There is a solution to address many of these problems: resource public key infrastructure (RPKI). RPKI is a specialized PKI framework that relies on extensions to X.509 certificates to carry IP route origination information. Organizations wanting to announce a prefix create a route origin attestation (ROA), which includes the prefix, mask length range and origin autonomous system number. These ROAs are announcements to the world that a specific organization has a verifiable authorization to announce the specified IP prefix. Currently, less than 5% of the global table is protected with ROAs, with Latin America and the Caribbean in the lead, according to the RPKI Dashboard website. Approximately 20% of Latin American and Caribbean Network Information Centre routes are in the RPKI valid state, representing about 2.5% of the global table.
Two methods to implement the platform
There are two methods for implementing RPKI: hosted and delegated. In the hosted model, the Regional Internet Registry (RIR) runs the certificate authority (CA) and hosts the private certificates for organizations wishing to participate. This is an easy way to get started for smaller organizations that don't have many number resources or don't have many changes to the details contained in the ROAs. Interaction is through a portal hosted by the RIR.
Delegated RPKI is much more flexible, allowing an organization a programmatic interface to the RIR's infrastructure.

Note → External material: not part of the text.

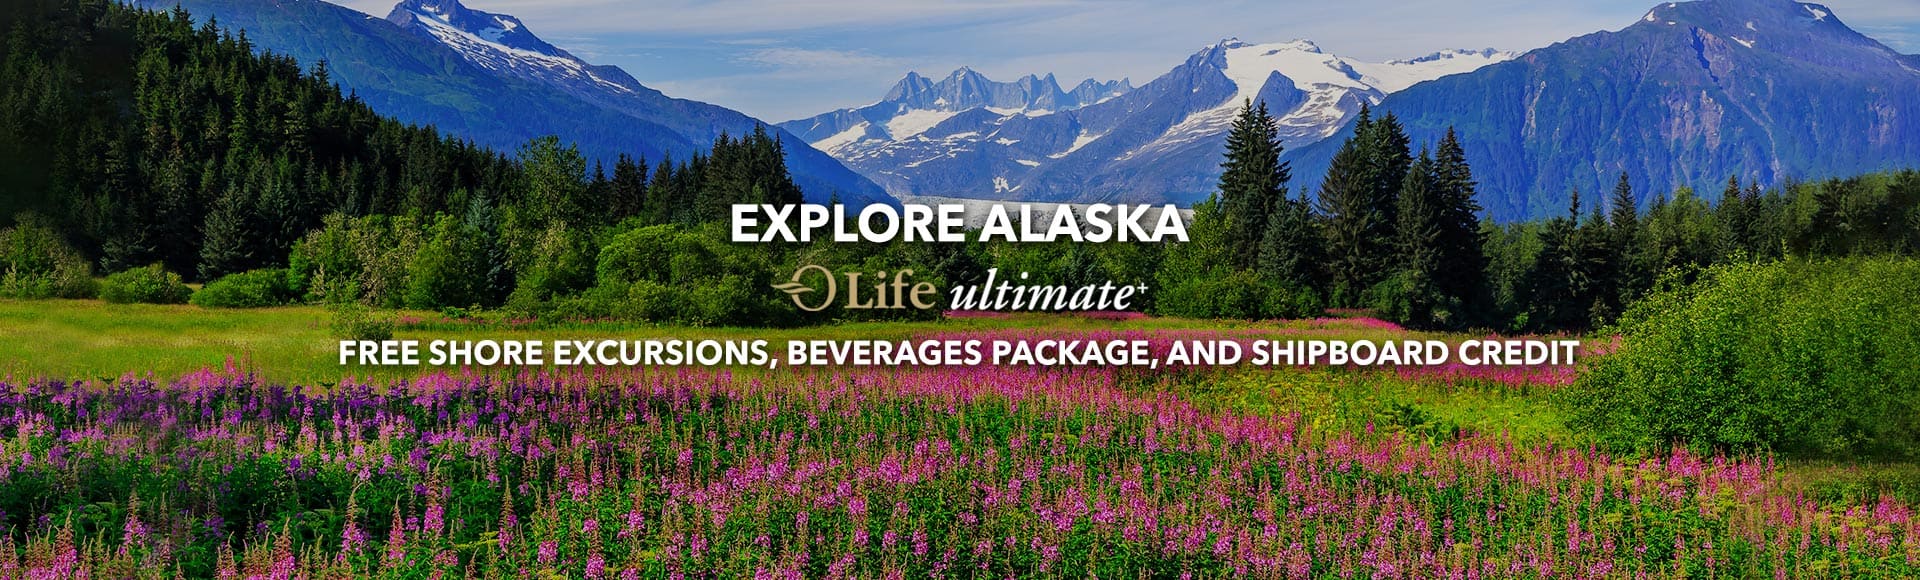 Explore Alaska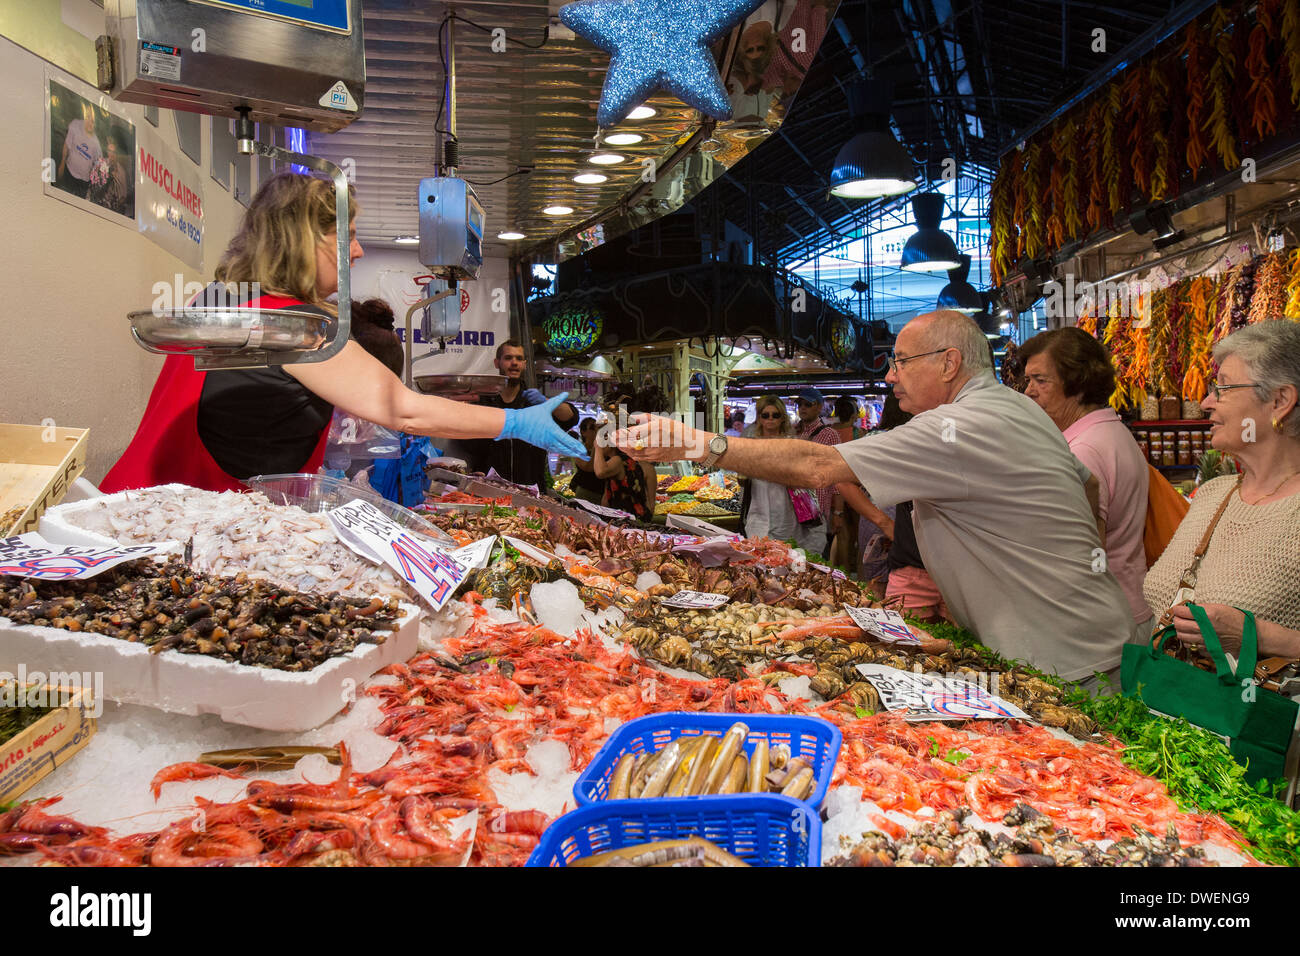 Le célèbre marché alimentaire Saint Joseph - l'Eixample de Barcelone - Catalogne Région de l'Espagne Banque D'Images

This requires that the organization become a CA with the associated management overhead. This is more appropriate for service providers that have number resources that can be assigned to downstream customers or organizations that make many changes where human interaction with a Web portal would burdensome.
In the hosted model, the RIRs have implemented this new standard with a lower barrier to entry, making it easy for even the smallest network operators using BGP to participate. For those organizations that do not use BGP, it is still important to understand the security role for this technology. If you don't run BGP to connect to the Internet, you should be asking your upstream provider(s) two questions: Are the prefixes assigned to your organization protected with RPKI? And if they aren't, when will the protection be implemented?
Evaluate cloud providers to ensure protection
If your website or application is hosted by a cloud provider, part of the evaluation and selection process should be to determine if the networks these applications reside on are protected with RPKI. Consider this: The aforementioned route hijacking targeted Bitcoin miners hosted with Amazon Web Services.
It is important to note that RPKI addresses BGP origin validation, not path validation. RPKI cannot detect all routing anomalies, only those when a prefix is originated by an unauthorized autonomous system.
The global route table is a foundational element for the Internet. Its integrity is the responsibility of all networks participating in it. RPKI is an important step forward in ensuring the integrity of this shared resource. There is no longer a reason we should suffer outages because of misconfigurations or hijackings.